Quantification of high-affinity methane-oxidizing bacteria.
By determining the total amount of ¹³C incorporated into the bacterial PLFAs, it is possible to estimate the methanotrophic biomass. Frostegård and Bååth (15) calculated an average value of 1.4 x 10^–17 mol of bacterial PLFA cell^–1. Using this value an estimate of methanotrophic biomass of 5.6 x 10⁶ to 8.8 x 10⁶ methanotrophic cell g^–1 (dwt) of soil was obtained. The range of this estimate takes into account experimental errors. Moreover, the upper and lower limits are also dependent on the concentration of ¹³C-labeled PLFAs resulting from recycling of the ¹³C label into the total bacterial biomass. The upper limit of the estimate of 8.8 x 10⁶ methanotrophic cells g^–1(dwt) of soil is calculated from all PLFAs that incorporated ¹³C label (including those not known to be produced by culturable methanotrophs) and, hence, may be a slight overestimate as a result of ¹³C label recycling. In contrast, the estimate of 5.6 x 10⁶ methanotrophic cells g^–1 (dwt) of soil is based on only the major ¹³C-labeled methanotrophic PLFA, namely 18:17c.

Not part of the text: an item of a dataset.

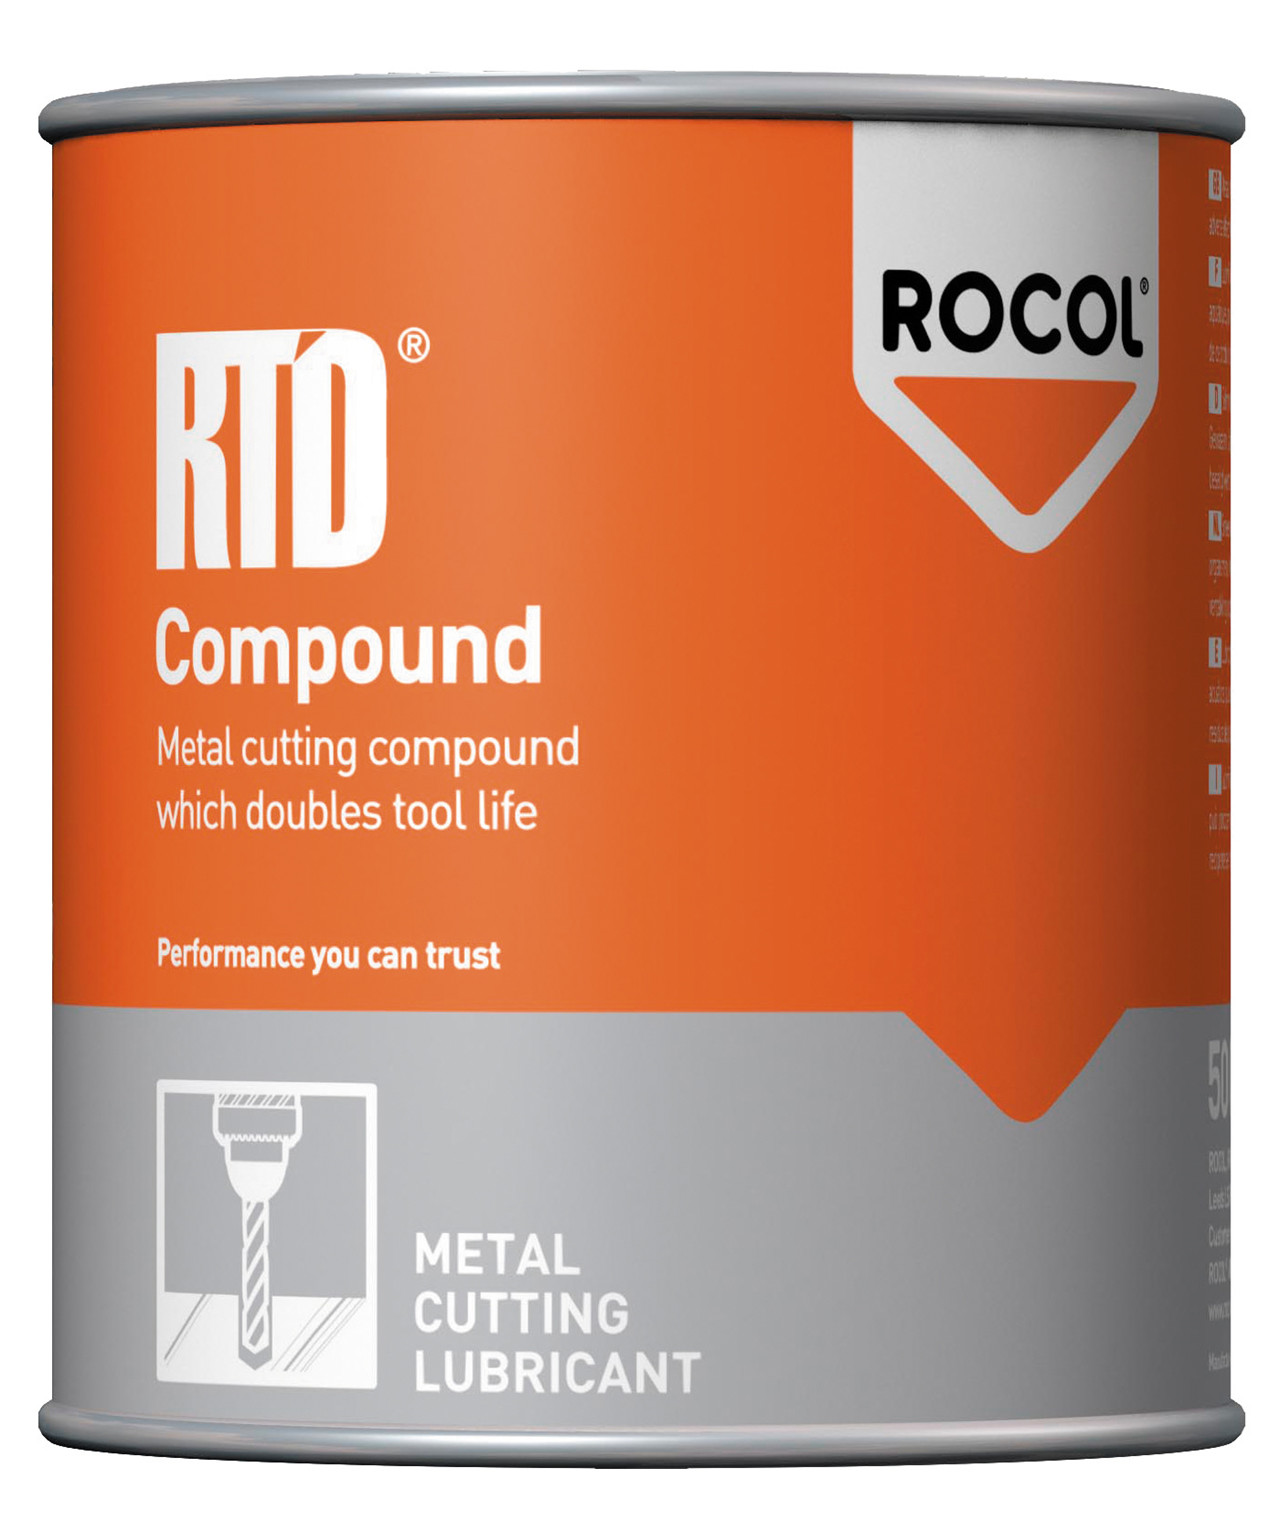 Se Rocol RTD Compound skærepasta hos Specialbutikken

Figure 4 plots estimated ¹³C-labeled methanotroph cell numbers at each time point throughout the incubation. Incorporation of ¹³C label was slow initially but increased rapidly between 6 and 9 weeks, before slowing during weeks 9 and 10. The curves derived from both ¹³C-labeled 18:17c and total bacterial ¹³C-labeled PLFAs appeared to plateau at 10 to 11 weeks. This indicates that the microbial population was at or close to a steady state, with the majority of methanotrophic bacteria having incorporated the ¹³C label.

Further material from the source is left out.